To be sure, power laws have existed for as long as humans have been romping around the planet. There is a natural tendency for prestige, influence and wealth to concentrate at the top. However, it’s my contention that the internet has taken a thing that used to happen in a 100 mile radius and turned it into a thing that happens in a 3,000 mile arc. This is good — outstanding! — for a select few and bad for just about everyone else.
On the bright side
Although I may come across as cynical on humanity, in real life I’m actually a cheerful person. I’m incredibly grateful for my life and I express appreciation daily. Humans love to ruminate on what’s gone wrong but too often fail to conjure gratitude when something goes right! Bitch about the bad if you must, but be sure to celebrate the positives too.
Looking on the bright side is another tactic I use to keep the dopamine flowing.

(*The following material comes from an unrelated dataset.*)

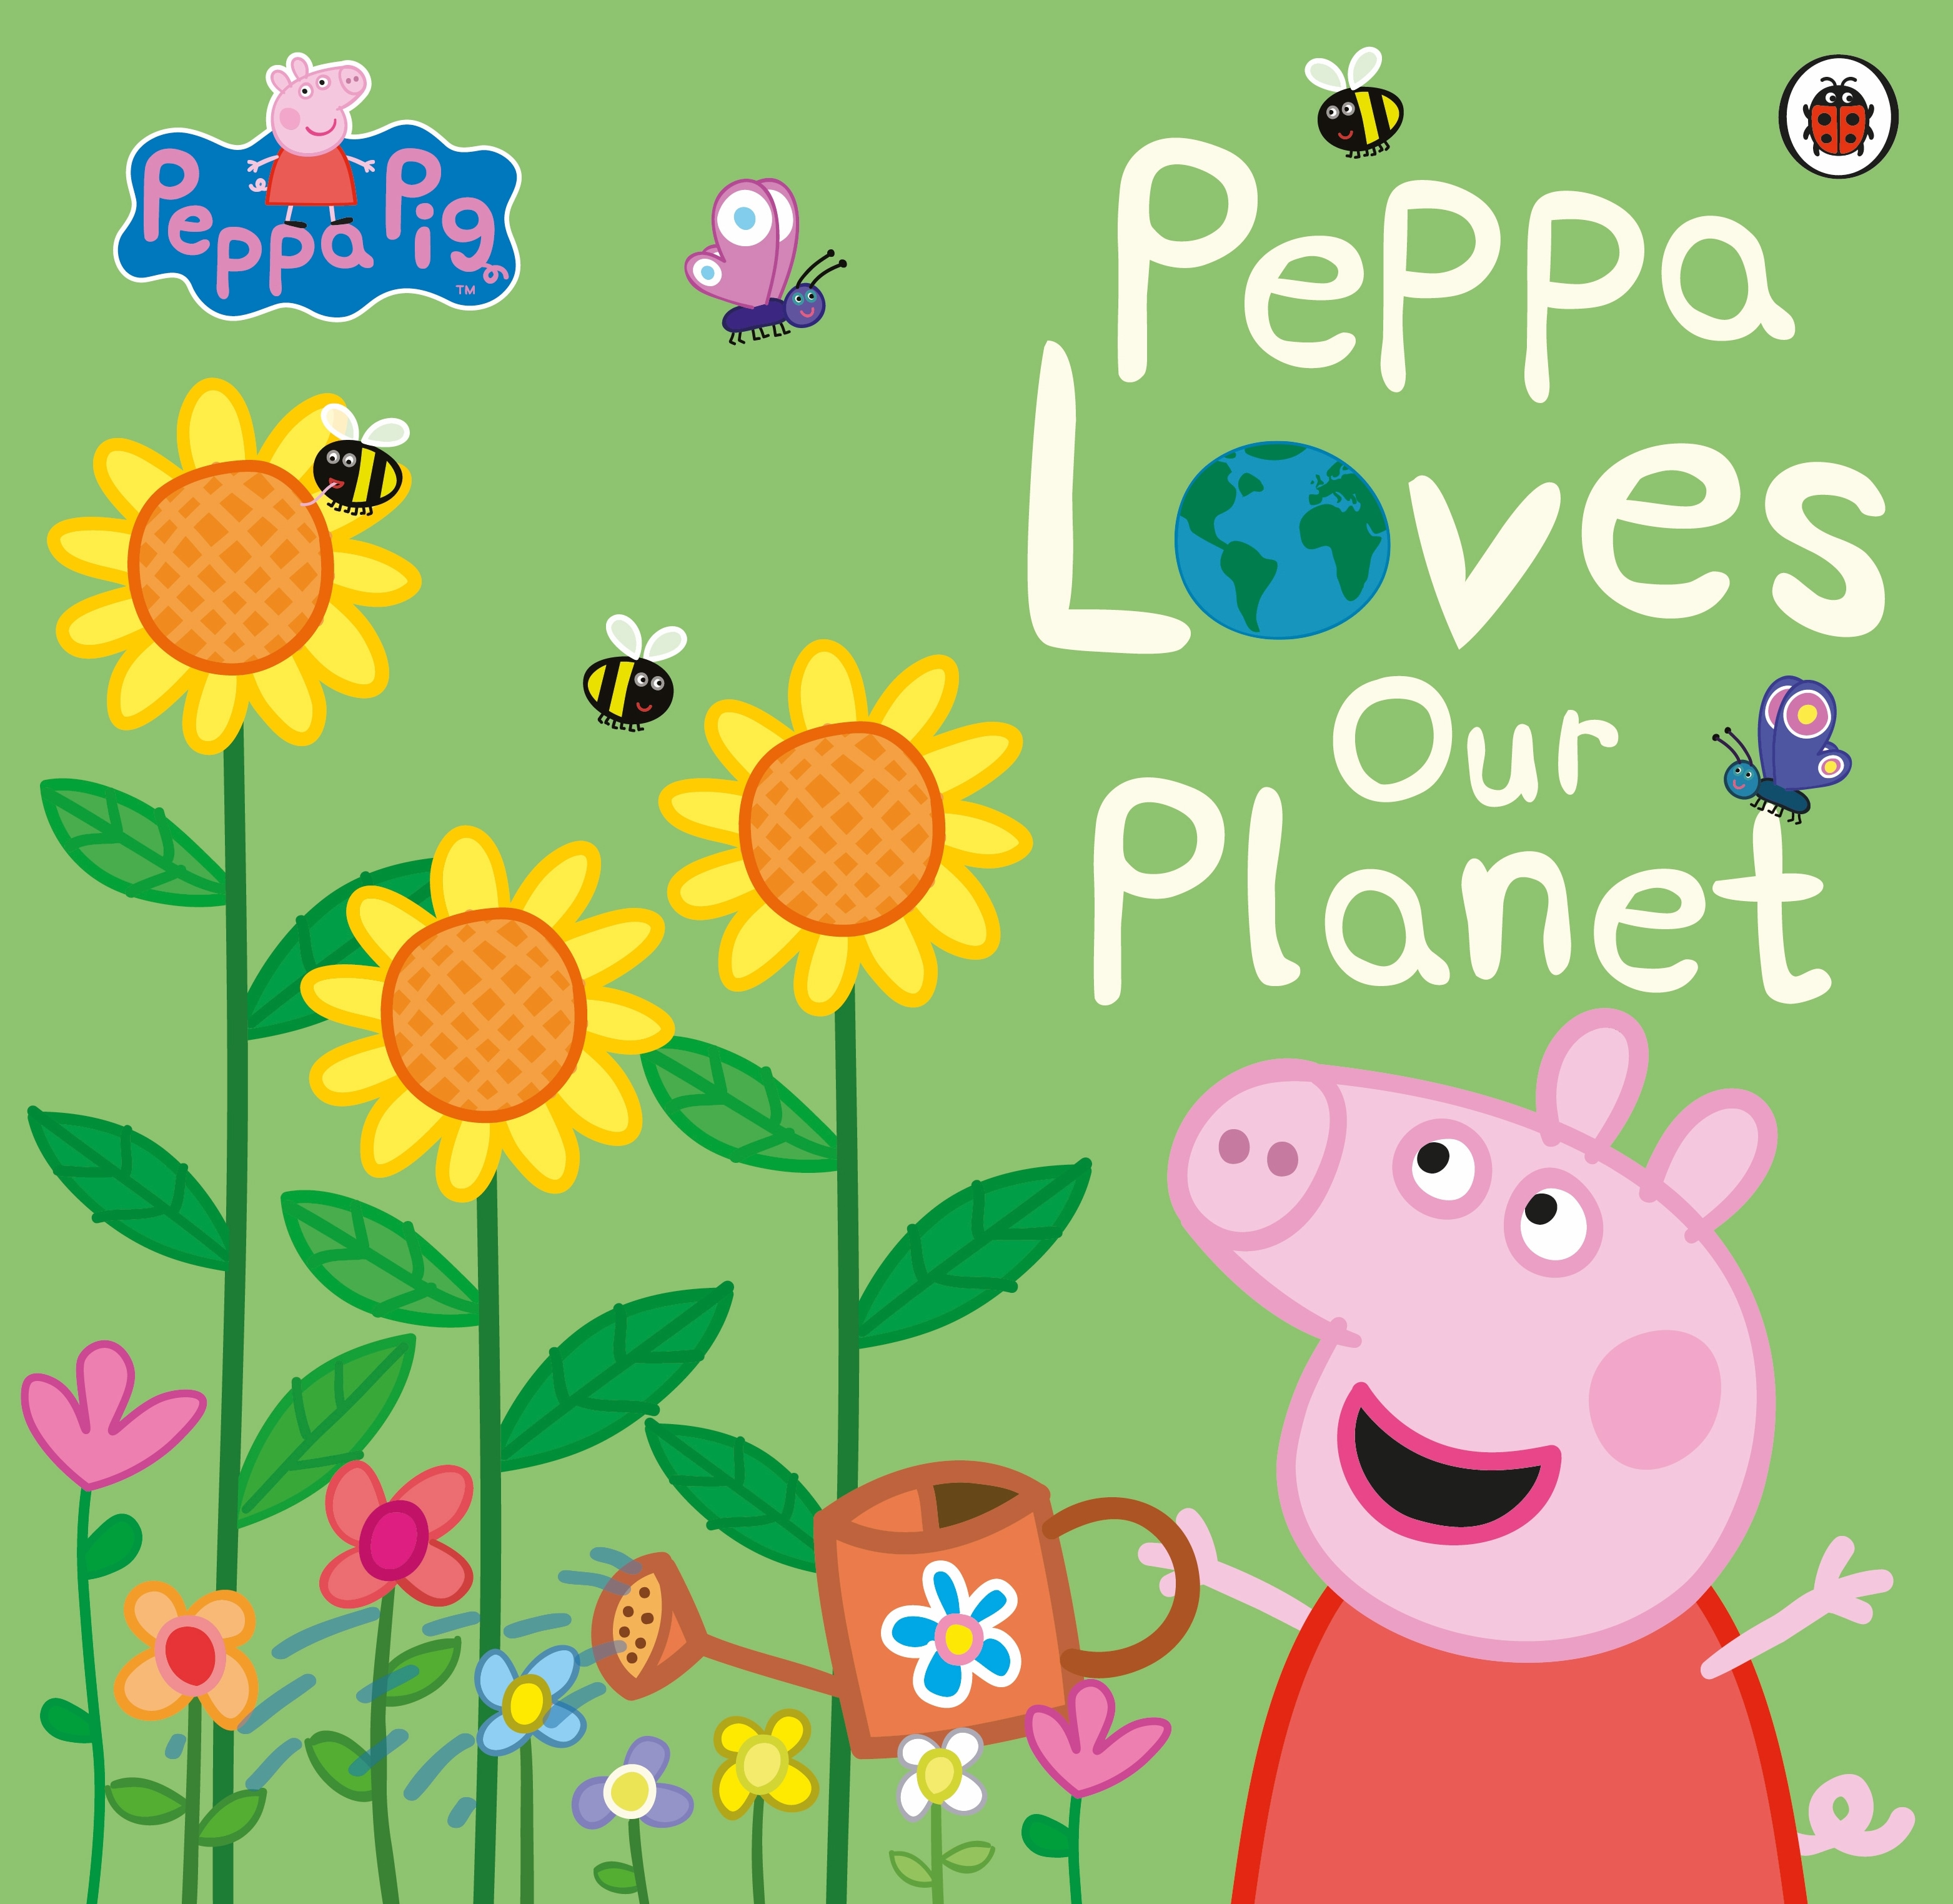 Book “Peppa Pig: Peppa Loves Our Planet” by Peppa Pig — March 19, 2020

For example, we who believe in freedom of speech and unrestricted access to information feel a natural foreboding as the government expresses an ever-growing desire to tame the internet and contort the narrative to whatever suits its interests. Maybe a new Ministry of Truth isn’t a step in the right direction?
Well, let’s say that the powers that be intensify their campaign of kicking people offline, limiting our access to platforms, banishing content to the netherworld (if you don’t know what TOR is, now might be the time to learn) and otherwise slicing up the once free internet into manageable units. Echoes of the American West being demoted from free-range to enclosed with barbed wire demarcating the boundaries.
These online restrictions could have the unintended consequence of reducing the virality of those at the top of the power distribution. What would a Taylor Swift ticket sell for if nobody was allowed to post about the event on Instagram or Facebook? What about blockbuster movies if 30 million fewer Americans were on social media being subjected to advertising? I cannot predict the future, I’m the schmuck who bought NVDA puts at $280, but I can adjust my gaze to the sunny side and hope that if the internet goes from this,

To this,

That money and attention will slowly filter back to the local. Maybe that’s wishful thinking, but I hope it isn’t. If this trend towards a single winner doesn’t get disrupted it means that in twenty years Jeff Bezos is going to own the entire United States and everyone is going to eat at McBezos whether they like senile dairy cow burgers or not.
Unlike Sergei, fast food on every corner is not my utopia so let us hope that the power laws can be tamed before our world descends into the ultimate manifestation of concentration.